Research from the Medical University of South Carolina (MUSC) links a high-fat diet to a molecular switch in the body that turns on the progression of colorectal cancer. College of Medicine Dean Raymond DuBois calls it an important finding not only for scientists but also for anybody who overindulges in high-fat food and red meat.
“Diet matters. And when you up the level of fat in your diet, the cells in your colon change and can eventually become a cancer,” DuBois said.
Colorectal cancer is the second leading cause of cancer-related deaths in the U.S. Because it’s so common, doctors recommend that everyone be screened by the age of 50. People with a family history of the disease should start screening even earlier, by the age of 40. Colonoscopies can spot precancerous polyps, allowing doctors to remove them before they turn into full-blown cancers.
Colon cancer has few warning symptoms until it has taken hold and spread, often to the liver and lungs. So, researchers are looking for better ways to predict, prevent, and intercept cancer through new medical treatments or even possibly nutraceuticals, which are foods designed to prevent and treat disease.
The MUSC-led study, published online in the journal Cancer Research, builds on the idea that certain diets can increase the risk for cancer. The researchers wanted to understand the specific sequence of events that causes colorectal cancer to accelerate. “In the past, we did not know the molecular pathway or molecule at the point of interaction leading to progression,” DuBois said.
The research team, which included scientists from Arizona State University and the Ralph H. Johnson VA Medical Center, focused on cancer in its early stages. “We looked at what happens before a group of cells becomes a full-blown tumor. We found that there is a receptor in the nucleus of colon cells that plays an important role in converting a normal cell to one that is more likely to become a full-blown cancer cell,” DuBois said.
“This receptor is referred to as PPAR delta and it actually interacts with DNA, resulting in significant changes in the regulation of a number of different genes. We completed several laboratory studies in order to show how it was involved in the process of cancer progression.”

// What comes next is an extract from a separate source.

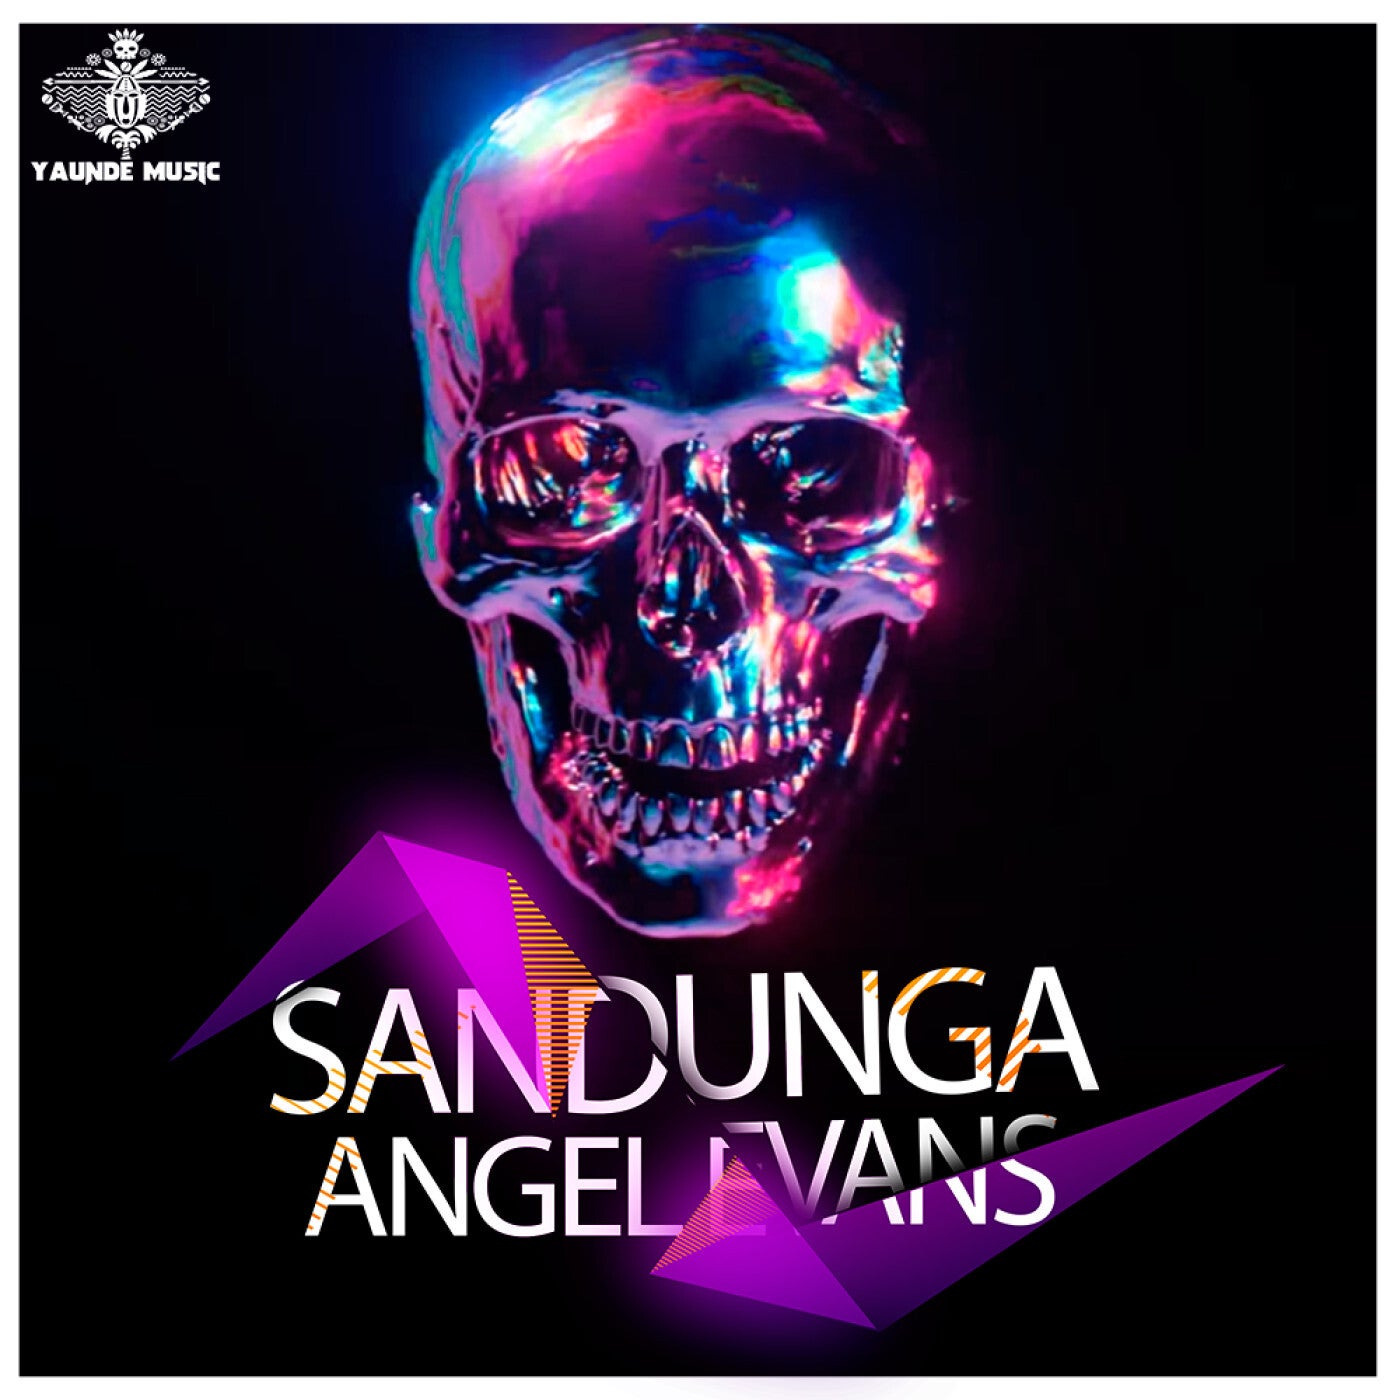 image cover: Angel Evans - Sandunga on Yaunde Music

DuBois said the key finding in the lab is that they verified that a high-fat diet really does increase the tumor burden dramatically. “It definitely is working, in part, through this nuclear receptor that has been a focus of the DuBois lab for several years. The hope is that by modulating the activity of this receptor, we could reduce the effect of a high-fat diet on promoting tumor progression.
“Obviously, we need to do more work and complete more detailed studies in human tissues collected from patients diagnosed with colon cancer. If we could get an accurate diet history from people who have colon cancer or even premalignant disease, it would allow us to correlate the level of fat in the diet with changes in tumor biology. We’re working on that now.”